Définition dans Jewish Encyclopedia

Ephraim

EPHRAIM

Données bibliques : 1. Fils de Joseph. Le nom est connecté avec la racine prh (« être fécond » ; Gen. xli. 52). Il était le plus jeune des deux fils nés à Joseph avant la famine, Manassé étant l’aîné (Gen. xli. 51). Néanmoins, Jacob, en bénissant les deux, confère à Éphraïm les droits de l’aînesse, « comme à Ruben et Siméon » (Gen. xlviii. 1-20), Joseph tentant sans succès d’empêcher la préférence du plus jeune. Cet épisode met en forme l’idée historique que Éphraïm et Manassé (et Benjamin) constituaient originellement une seule tribu (voir Gen. xlix. 22-26 ; Deut. xxxiii. 13-17) sous la forme d’une expérience personnelle dans la famille du patriarche. De Joseph, Manassé se sépara d’abord ; d’où il était l’aîné ; mais Éphraïm, augmentant en importance et en nombre, dépassa le clan frère. Le fait que le droit d’aînesse de Ruben soit donné aux fils de Joseph, comme indiqué en 1 Chron. v. 1, traduit la désintégration progressive de la tribu de Ruben et la montée en puissance de la fraction de Joseph.
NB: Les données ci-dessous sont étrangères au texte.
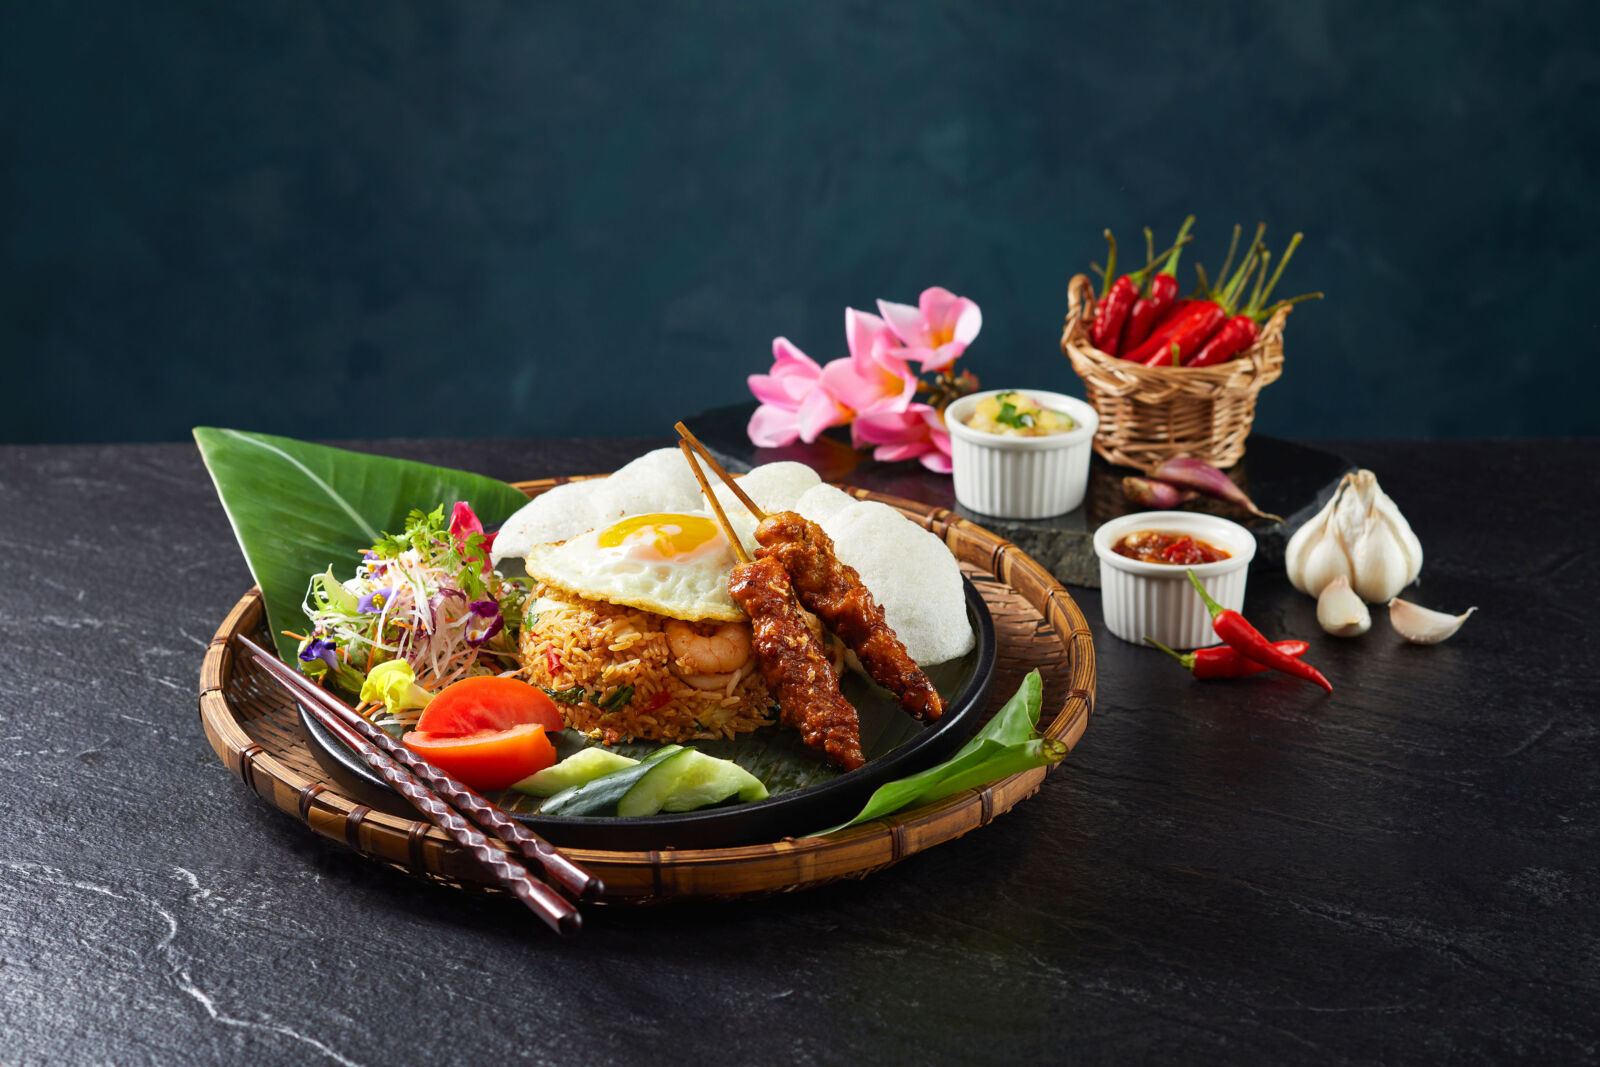 【有影】Asia49亞洲料理及酒廊迎來印尼名廚 推全新南洋榜單美食菜單 247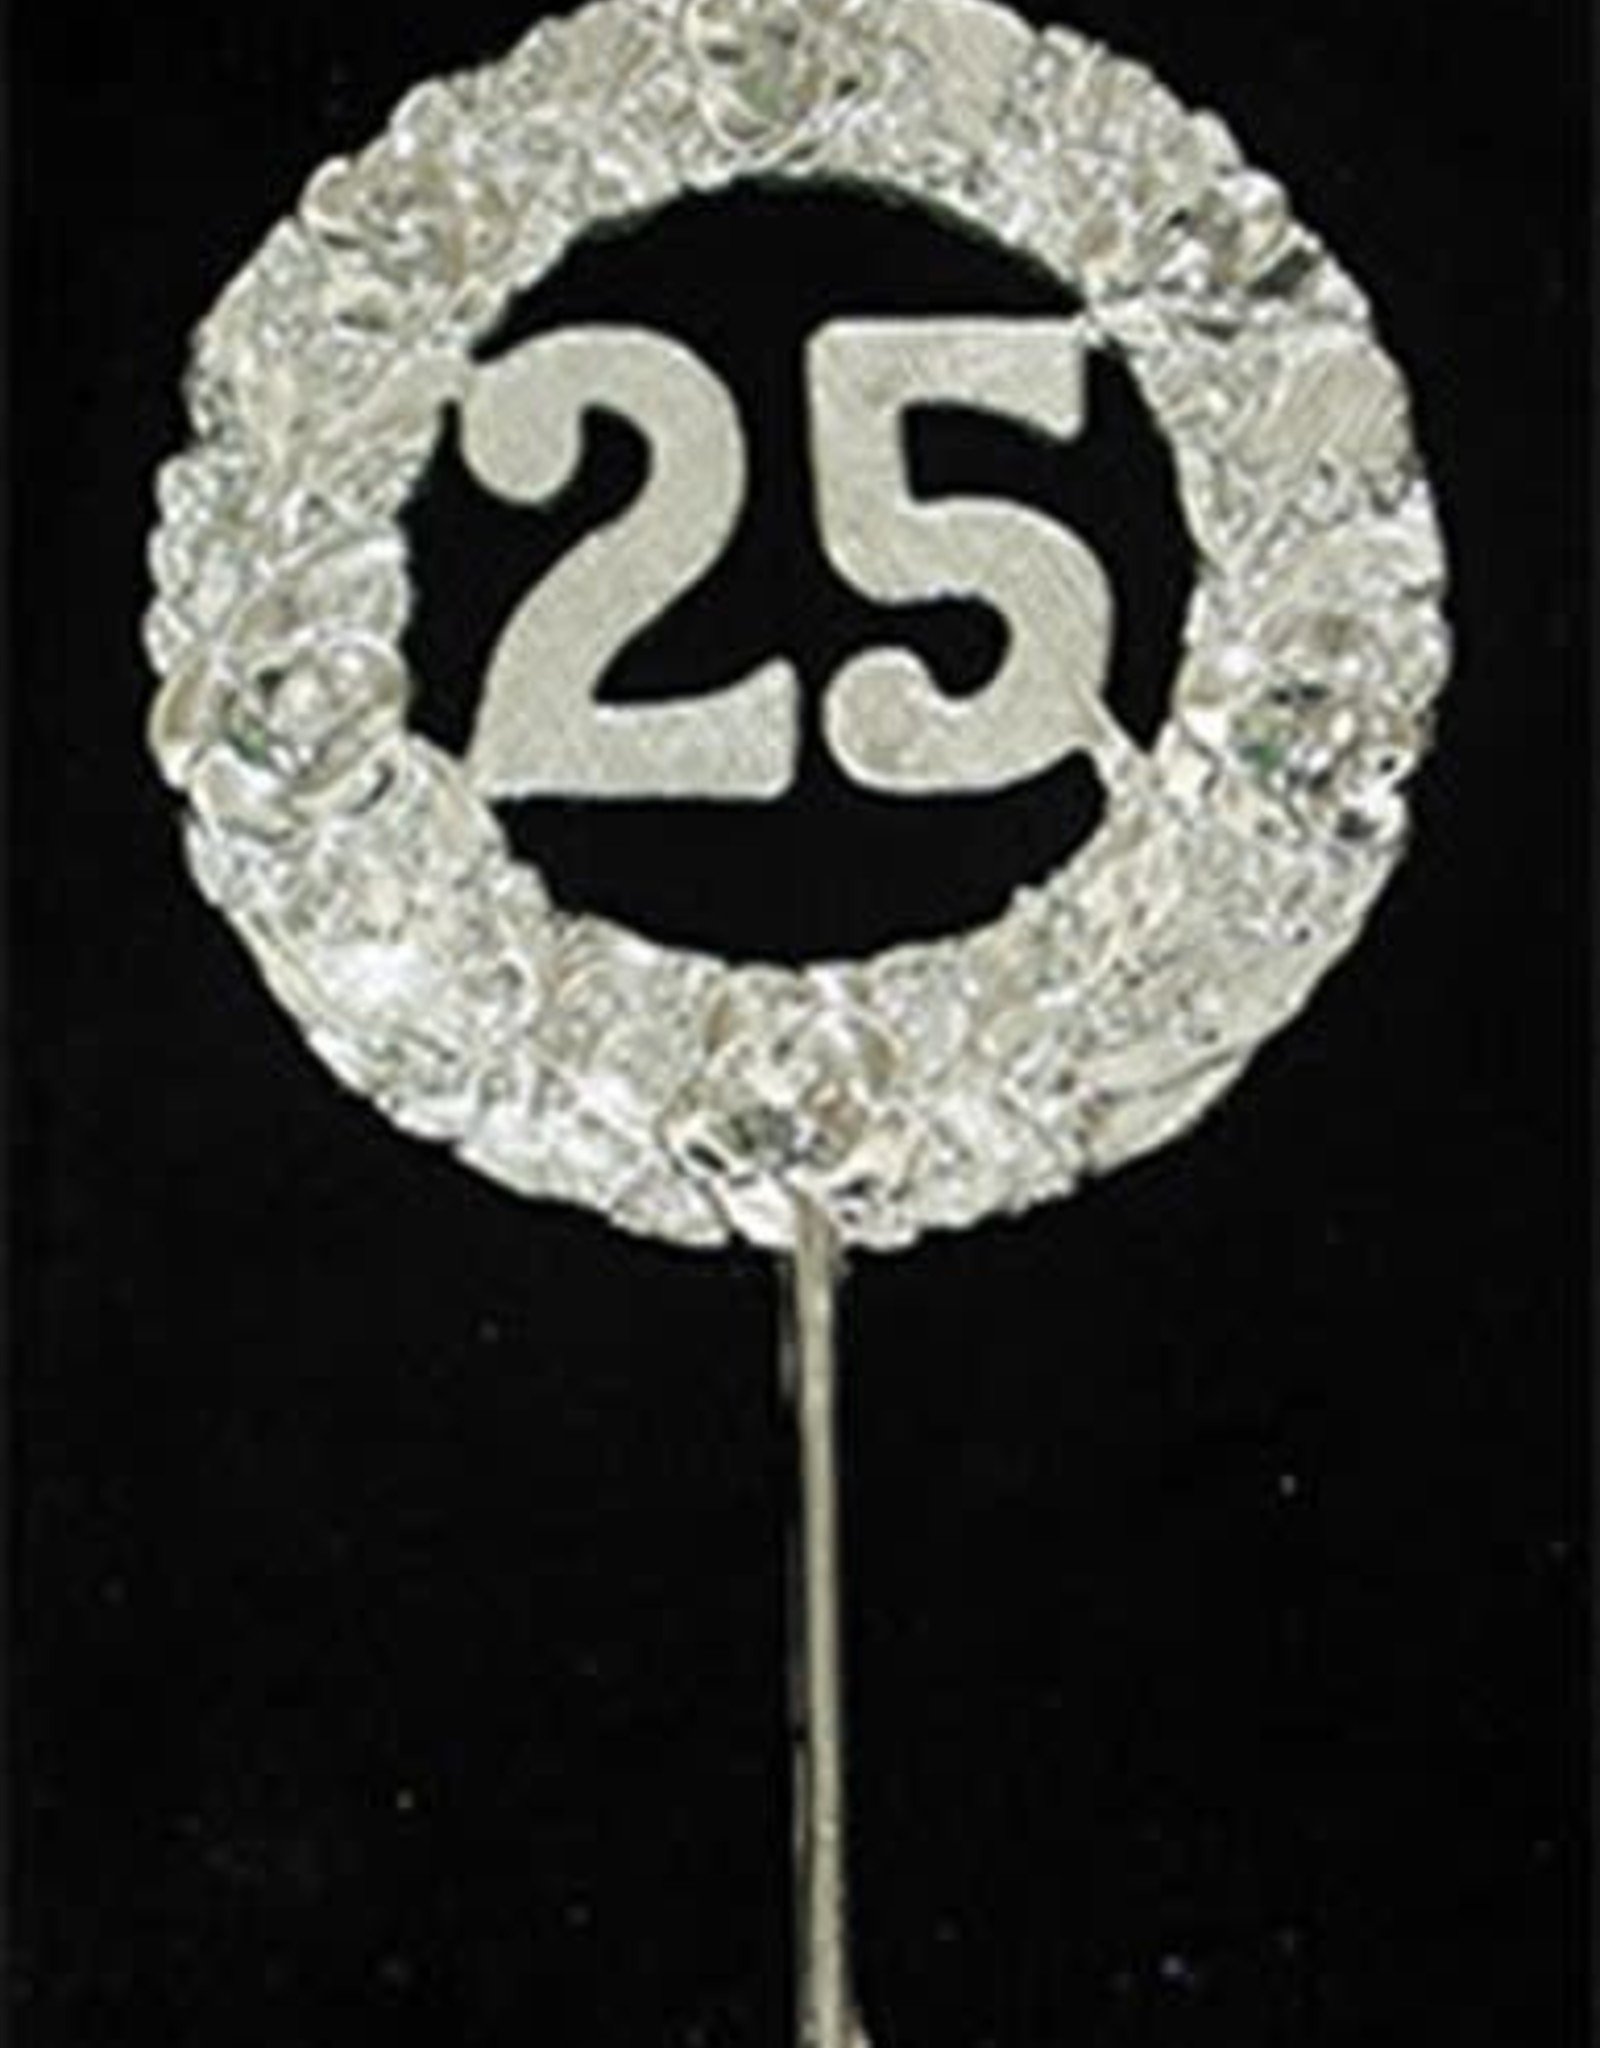 25th Anniversary Cake Pick (2.5")

Le développement successif de ces conditions se reflète aussi dans le fait que, dans les énumérations des tribus, Manassé précède parfois Éphraïm (Num. xxvi. 34) ; quelquefois l’ordre est inversé (Num. i. 32).

Holzinger (Genesis, p. 199) et Guthe (Geschichte des Volkes Israel, 1899, pp. 2 sq.) déclarent qu’Éphraïm fut une personnification postérieure (comparer Gunkel, Genesis, ii. 427). Pour des arguments contre cette théorie voir Koenig, Einleitung in das Alte Testament, pp. 183-185. En bénissant, Jacob croise ses mains pour placer sa main droite sur la tête d’Éphraïm. Ce verbe, qui n’apparaît qu’à ce passage, a donné lieu à des interprétations rabbiniques curieuses. Le Targum d’Onkelos, le rattachant à sekel (esprit, sagesse), le conçoit comme indiquant que Jacob agit en pleine connaissance (voir aussi Rachi et Ibn Ezra sur le verset). Selon R. Juda, on lit réellement « shikkel », et cela signifie que Jacob dépouilla Manassé au profit d’Éphraïm (Pesik. II. 3 [éd. Friedmann, p. 12a, note 85]). R. Nehemiah prétend que l’expression dénote le pouvoir de Jacob d’« instruire » et de guider l’esprit saint (ib.). Il est intéressant de noter que les paroles de la bénédiction de Jacob (Gen. xlviii. 16) constituent l’un des pesuke derahame, versets de supplication de protection qui, selon le dicton d’Abaye (Ber. 5a), furent ajoutés au Shema récité au moment du coucher. E. G. H.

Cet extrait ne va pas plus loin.